Circumstances

by Cole Parker

 

 

 

Circumstances 7

 

 

The ride home wasn’t pleasant, but it was quiet.  There was tension in the air, and the feeling an explosion was near, about as near as our driveway which was fast approaching.  It was better, though, that kaboom only being imminent, not actually being in the car with it going off, over and over.

 

She pulled into the driveway, then into the attached garage, and I was out of the car almost before it stopped rolling.  She got out, looked at me, then opened the door into the house from the garage and held it for me without saying a word.

 

I walked past her, into the kitchen and sat down at the table.  She walked in right behind me and started talking before she even got to the table.

 

She started by asking the same questions, saying the same things she’d said as we were leaving school.  Her voice got louder as she went.  She must have yelled at me for five minutes, asking questions, talking about how much of a disappointment I’d turned out to be, even mentioning my dad a bit, using him as a comparison.  Neither of us seemed to win out in that, somehow.

 

I didn’t say a word, and she finally she ran out of breath, I guess.  I just sat there looking at her.  She stopped.  She and I looked at each other.  Then she pulled out her chair and sat down.  She looked like she was ready to start in again, but I beat her to it.

 

“Are you ready for me to talk now, to tell you what happened, or do you just want to keep yelling at me?”

 

She opened her mouth, then closed it.  The fact I’d been almost confrontational probably sunk in.  It wasn’t me, and she must have noticed that.  She didn’t say anything, simply nodded.

 

So, I told her.  I told her everything, starting with leaving my essay too late and that causing me not to get enough sleep.

 

Well, not everything.  I didn’t tell her I was especially horny, or why.  I did tell her that I’d had a wet dream on the bus.  I didn’t tell her why Mr.
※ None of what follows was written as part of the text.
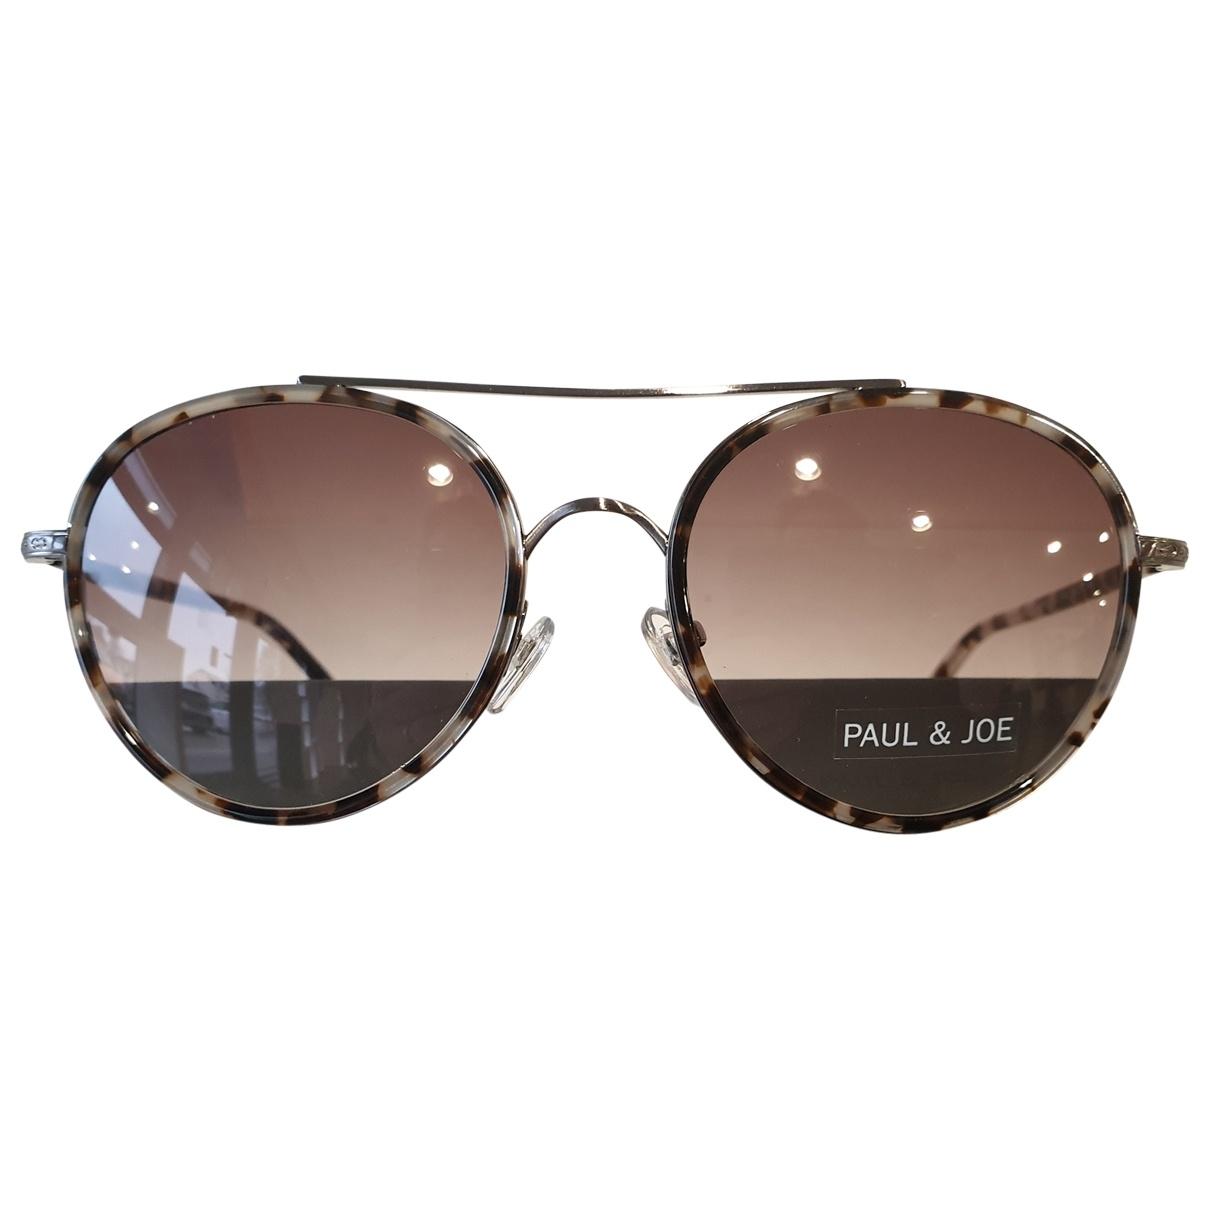 Gafas Paul & Joe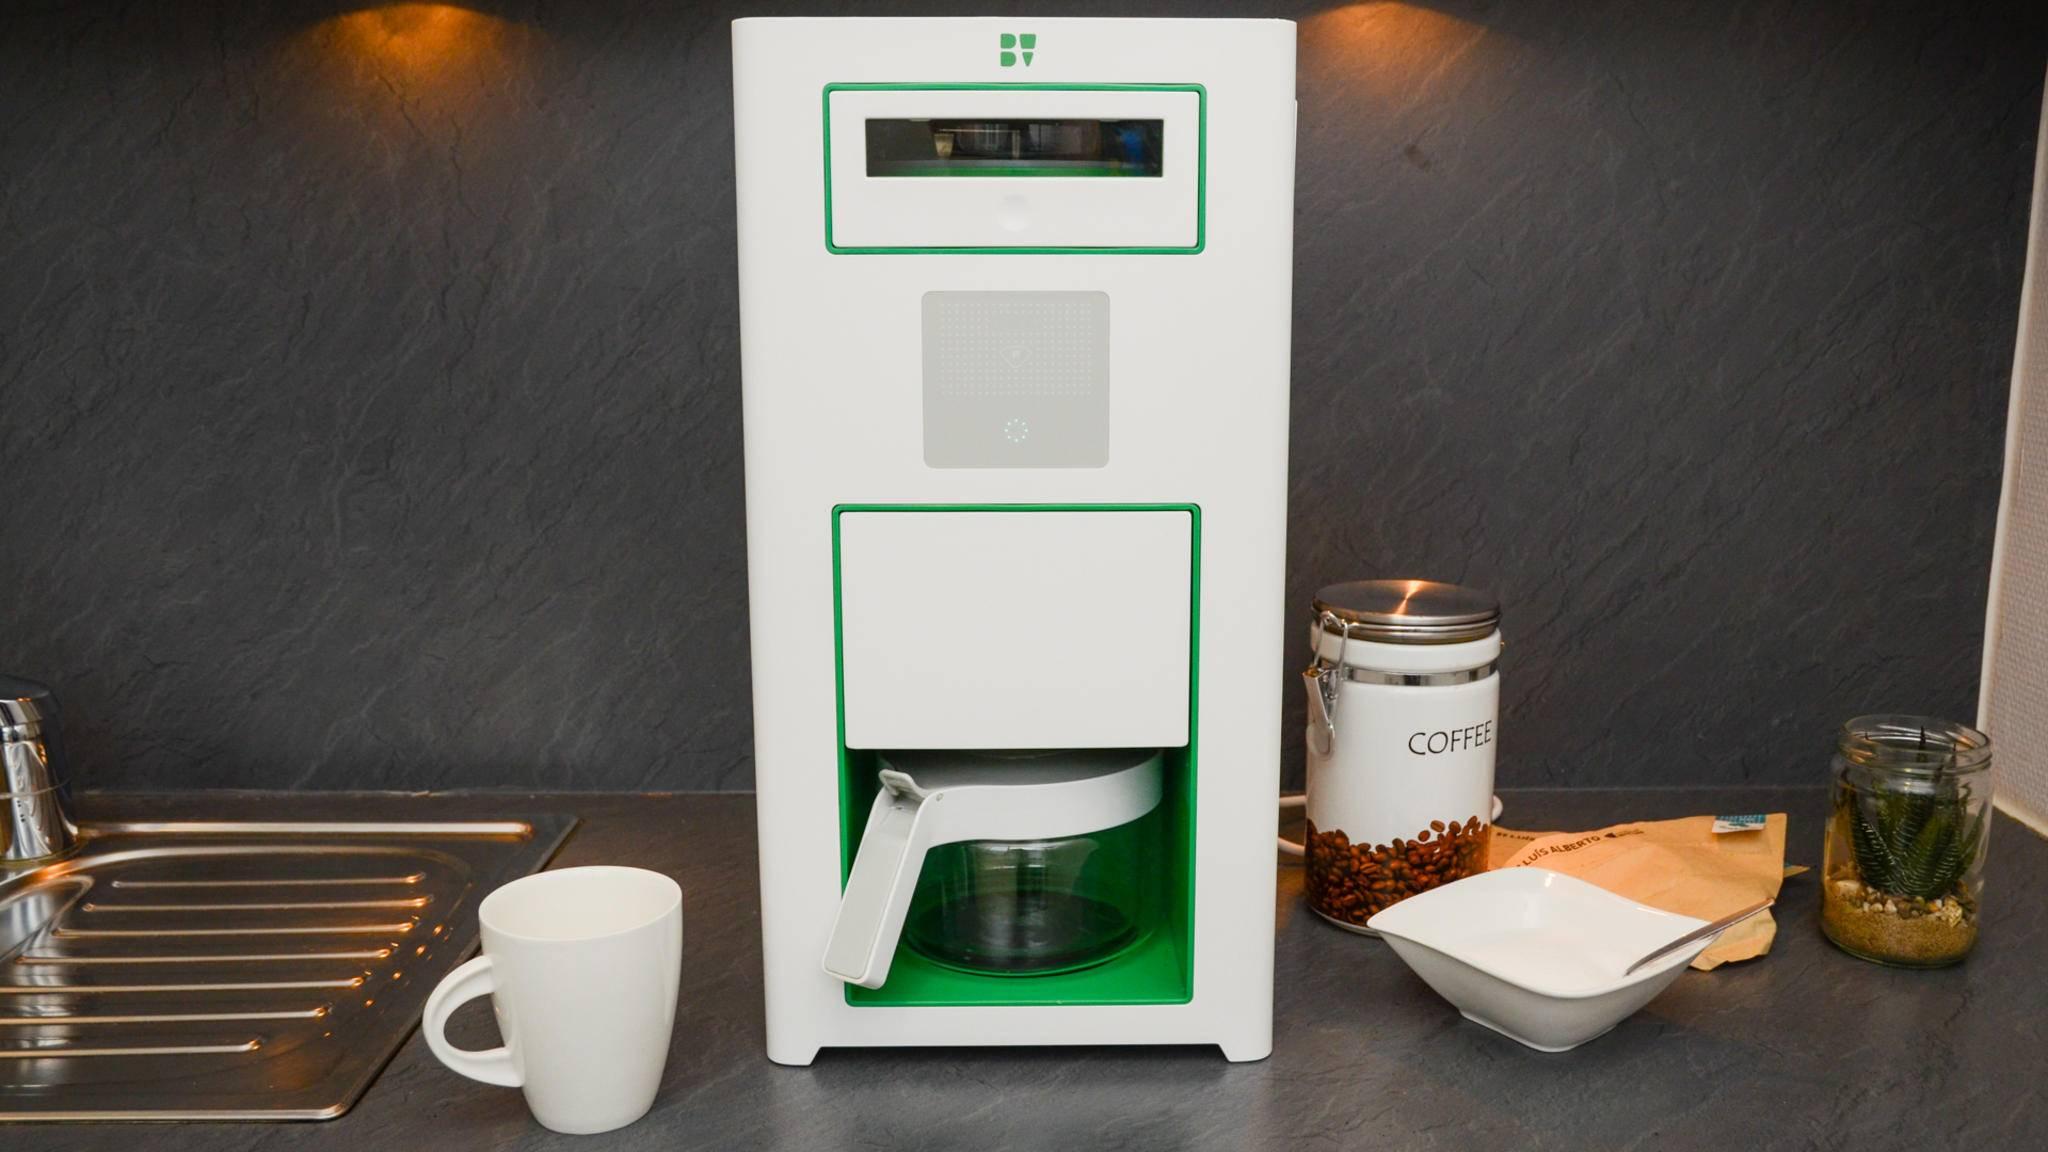 Die Kaffeemaschine passt trotz des ungewöhnlichen Designs gut in moderne Küchen.

Johnson thought I was humping the hand dryer, just that he was mistaken, I’d only been wiggling to get closer to it when he’d walked in.  I did tell her why I was naked and only had my shirt to partially cover myself.  

 

I told her about my detention, and about the threat of being called out in an assembly and being humiliated before the entire school.  I told her how embarrassing it all was, how it was going to be difficult to ride on the bus or go to school, how scared I was thinking about those things.  How my life was going to be almost impossible now.  And then, I finished by telling her that what I needed to get through all this was a mother who loved me and supported me and who I knew would be there behind me as I tried to survive what was ahead of me.  I told her she was all I had, but if I had her, I had a chance.

 

I had no idea if this would work or not.  My mother had been a loving mother, once.  Then dad had cheated on her, and it had been ugly.  An ugly divorce with horrible accusations on both sides, written up with lurid details in the papers.  It had hurt Mom, and she hadn’t been the same since.  She had only me to take her frustrations out on, and I was male, and the male subdivision of the species was high on her shit list.  Probably tops.

 

I told her my story, then just stopped.  I figured it wouldn’t hurt my chances any, so I thought real hard about what was going to happen to me, about trying to ride on that bus with the abuse I’d be taking, about gym class, about walking in the halls, and managed the effect I wanted.  I was able to start shaking and dribble a few tears.

 

Hey, they were real tears!  And in all honesty, I didn’t have to try all that hard.

 

She looked at me, saw the tears, then looked away.  I couldn’t read the expression on her face.  Her eyes seemed to be focused about eighty miles away.

 

I just sat there, still basically naked, and hung my head.  That happened without any internal coaxing. 

 

Finally, I felt something on my hand, which was lying on the table.  I looked up, and saw she’d put her hand on mine.

 

“I’ve been kind of a bitch, haven’t I?” she asked, her voice low and hurting.

 

I was out of my chair in an instant and in her lap, hugging her, real tears pouring down my face.  I couldn‘t have spoken if I’d wanted to, which I didn’t.  What I wanted, what I desperately needed, was the hug she was giving me, and I was giving her back.

 

We held that hug till I got too heavy for her.  She hunched her hips, and I knew I had to get off.  I did, sat back in my chair, and dried my face and eyes.

 

“I need you, Mom.  I really need you.”

 

“I know.  And you’ve got me.  We’ll figure this out together.”

 

I smiled.  I think it was the first time all day.  Well, maybe I’d smiled at Gary.

 

Gary!  I had to call him.  Maybe I’d got my mom back, we’d have to see.  I didn’t really expect this change in her to last.  But maybe, just maybe, I had a new friend.  Maybe this wouldn’t end up as the worst day of my life after all.